All is (not) well in Pakistan education
According to a report titled Pakistan District Education Rankings prepared by non-governmental organization Alif Ailaan in collaboration with the Islamabad-based Sustainable Development Policy Institute, Pakistan’s education scale didn’t witness significant improvement as its progress remained steady (an increase of 1.67%) this year.
This year’s rankings covered all 148 districts, agencies and frontier regions of the country, providing an overview of the state of education – both educational outputs and inputs – in the country.
The report shows the entrenchment of Punjab districts at the top of the rankings. Eight of the top ten districts are from the Punjab. At the other end of the table Balochistan continues to languish at the bottom. A staggering nine of the bottom ten districts are from Balochistan.
The rankings data highlight two very important findings which ought to be relevant to policymakers.
First, there continues to be a very weak relationship between education outputs like literacy, enrolment, retention and test scores with school infrastructure. While infrastructure is always going to be necessary for the functioning of schools, it will also be an insuffcient condition for improving the quality of education.
Second, quality of education is the main challenge for the education system beyond simply focusing on universal enrolment or gender parity. This is highlighted by the poor learning scores across the board for all districts and provinces.
Report says that Islamabad is the highest ranked territory in education ranking for the third year running.
In 2nd and 3rd place are Azad Jammu & Kashmir and Punjab, respectively. This represents a reversal from last year when Punjab ranked 2nd. Punjab’s score declined by 3.38%, while AJK’s stayed static.
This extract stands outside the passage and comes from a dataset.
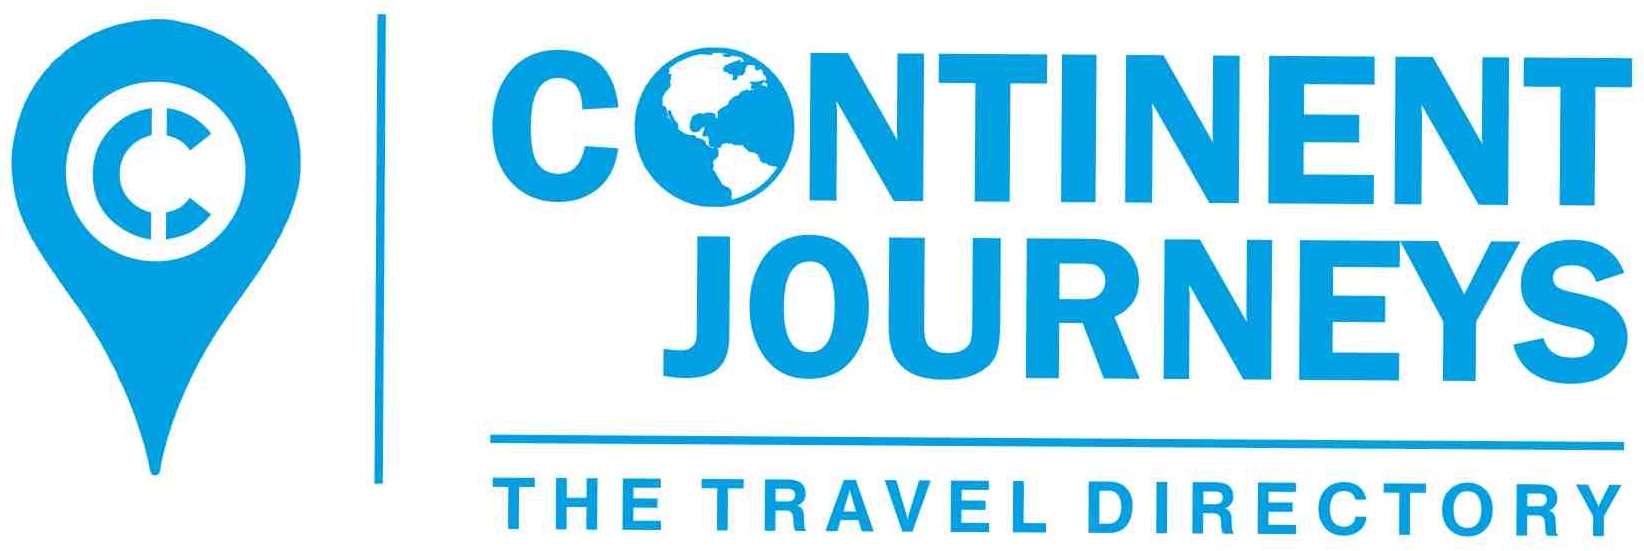 Continent Journeys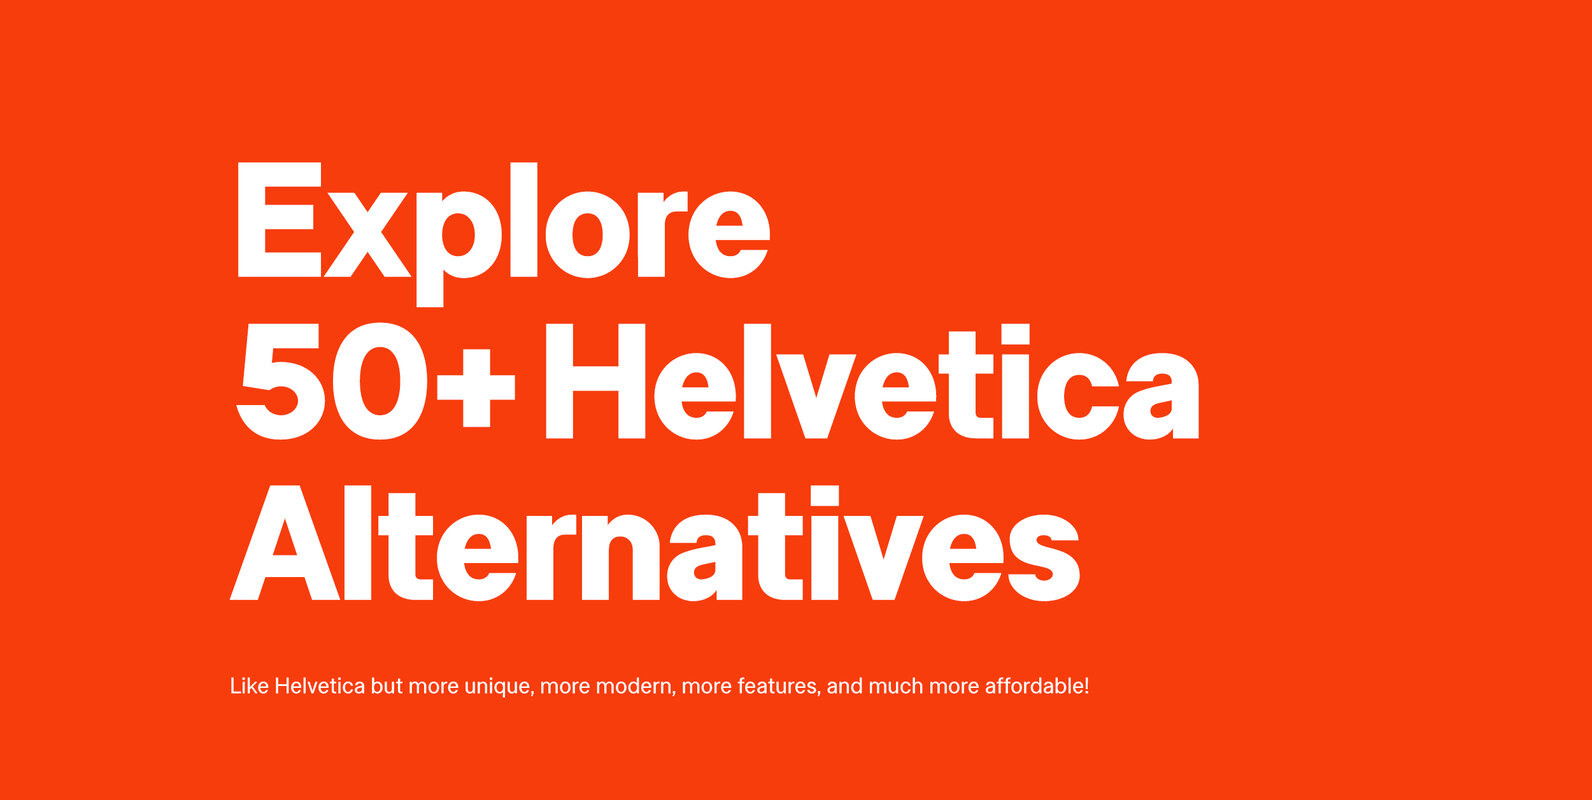 The Top 50 Helvetica Alternatives

Gilgit-Baltistan holds steady at 4th position while its education score increased by 1.69%.
Sindh and Khyber Pakhtunkhwa (KP) exchange positions for the second year in a row, with KP reclaiming 5th spot which it had lost last year. KP shows an improvement of 13.15% in its education score (second largest improvement), while Sindh dropped by 1.02%.
Education alarm in Sindh
Sindh’s performance continues to remain poor. Only Karachi (ranked 43rd) from Sindh manages to get in to the top 50 districts. Hyderabad ranked 62nd. Thatta is the worst performing district in the province, largely due to a very low retention rate.
Overall 19 out of 25 districts scored over 50 on the education score; only one (Karachi) scored over 70. While only four districts from Sindh ranked in the top half of education rankings.
Punjab continues to dominate the top of the rankings table. Eight districts from the province are in the top ten. All of the top three districts are from Punjab Rawalpindi, Chakwal and Lahore.
Only two districts: Dera Ghazi Khan and Rajanpur scored lower than 50. These are the only two districts from Punjab to rank outside the top 100. While only three districts in Punjab scored higher than 70 in learning score, reflecting poor quality of education.
Status quo in KP?
Overall the province has rebounded from a dip last year and is now back up to 5th rank. KP continues to remain a mid-table province when it comes to education. As many as 19 of 25 districts are ranked between 20th and 100th. Haripur, Malakand, Mardan and Nowshera are in the top 25 and none in the bottom 25.
Haripur is the best performing district in the province, while Kohistan is the worst performing district. Unlike in previous years – when districts from the Hazara portion of the province – were clustered near the top – this year there is a more even distribution of scores across the province. n 24 of 25 districts scored above 50 on the education score.
Balochistan languishes at the bottom
Quetta is the highest ranked district and the only one in the top 50 districts. Almost half the districts of Balochistan rank outside the top 100 (12 out of 32).
Balochistan also has only three districts in the top half (Quetta, Kech and Killa Saifullah). Nine of the bottom ten districts are from Balochistan.
Killa Abdullah is the worst performing district in Balochistan. One new district, Lehri, has data for only two indicators and therefore it was not ranked. Only eight of the 31 ranked districts in Balochistan scored above 60 on education score. Except Quetta, no other district scored more than 70.
According to Alif Ailaan, the education scores are calculated using the arithmetic average of enrolment, learning, retention (survival) and gender parity, giving equal weight to each indicator.